Oliver Sacks, who died on August 30, was a longstanding contributor of thirty essays to The New York Review of Books. His last published article, below, appears in the Review’s September 24 issue.
Walter B., an affable, outgoing man of forty-nine, came to see me in 2006. As a teenager, following a head injury, he had developed epileptic seizures—these first took the form of attacks of déjà vu that might occur dozens of times a day. Sometimes he would hear music that no one else could hear. He had no idea what was happening to him and, fearing ridicule or worse, kept his strange experiences to himself.
Finally he consulted a physician who made a diagnosis of temporal lobe epilepsy and started him on a succession of antiepileptic drugs. But his seizures—both grand mal and temporal lobe seizures—became more frequent. After a decade of trying different antiepileptic drugs, Walter consulted another neurologist, an expert in the treatment of “intractable” epilepsy, who suggested a more radical approach—surgery to remove the seizure focus in his right temporal lobe. This helped a little, but a few years later, a second, more extensive operation was needed. The second surgery, along with medication, controlled his seizures more effectively but almost immediately led to some singular problems.

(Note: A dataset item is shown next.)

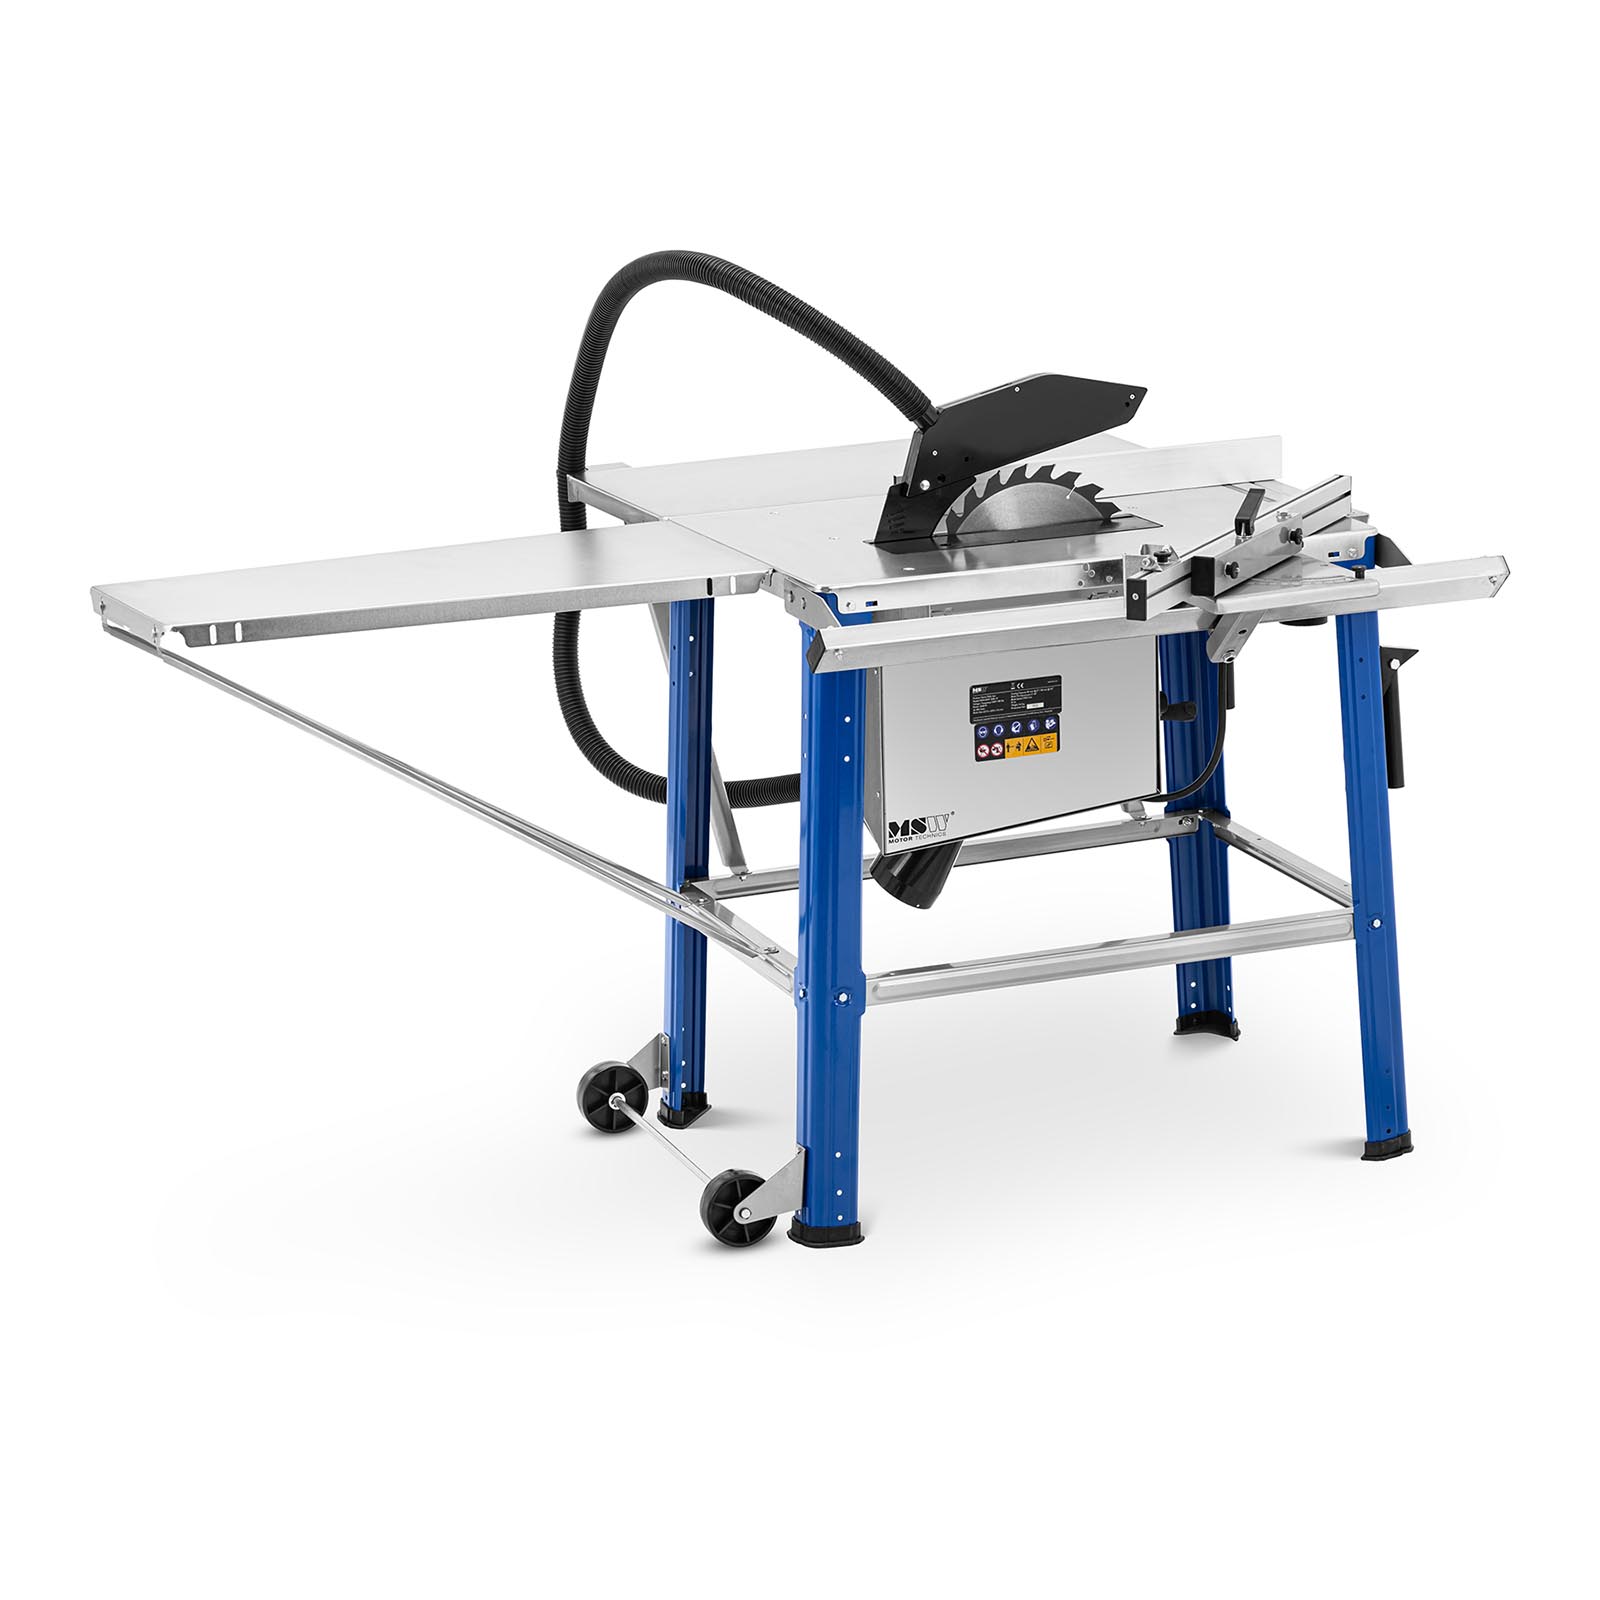 Table Saw - 2200 W - 2991 rpm - table top extendable

Walter, previously a moderate eater, developed a ravenous appetite. “He started to gain weight,” his wife later told me, “and his pants changed three sizes in six months. His appetite was out of control. He would get up in the middle of the night and eat an entire bag of cookies, or a block of cheese with a large box of crackers.”
“I ate everything in sight,” Walter said. “If you put a car on the table, I would have eaten it.” He became very irritable, too, he told me:
I raged for hours at inappropriate things at home (no socks, no rye bread, perceived criticisms). Driving home from work a driver squeezed me on a merge. I accelerated and cut him off. I rolled my window down, gave him the finger, and began screaming at him, and threw a metal coffee mug and hit his car. He called the police from his cell. I was pulled over and ticketed.
Walter’s attention assumed an all-or-none quality. “I became distracted so easily,” he said, “that I couldn’t get anything started or done.” Yet he was also prone to getting “stuck” in various activities—playing the piano, for example, for eight or nine hours at a time.
Even more disquieting was the development of an insatiable sexual appetite. “He wanted to have sex all the time,” his wife said.
He went from being a very compassionate and warm partner to just going through the motions. He didn’t remember having just been intimate…. He wanted sex constantly after his surgery…at least five or six times a day. He also gave up on foreplay. He would always want to get right to it.
There were only fleeting moments of satiety, and within seconds of orgasm, he wanted intercourse again and again. When his wife became exhausted, he turned to other outlets. Walter had always been a devoted and thoughtful husband, but now his sexual desires, his urges, spread beyond the monogamous heterosexual relationship he had enjoyed with his wife.
It was morally inconceivable for him to force his sexual attentions on a man, woman, or child—Internet pornography, he felt, was the least harmful answer; it could provide some sort of release and satisfaction, even if only in fantasy. He spent hours masturbating in front of his computer screen while his wife slept.
After he started viewing adult pornography, various websites solicited him to purchase and download child pornography, and he did. He became curious, too, about other forms of sexual stimulation—with men, with animals, with fetishes.1 Alarmed and ashamed of these new compulsions, so alien to his previous sexual nature, Walter found himself engaged in a grim struggle for control. He continued to go to work, to go out socially, to meet his friends for meals or movies. During these times he was able to keep his compulsions in check, but at night, alone, he gave in to his urges. Deeply ashamed, he told no one of his predicament, living a double life for more than nine years.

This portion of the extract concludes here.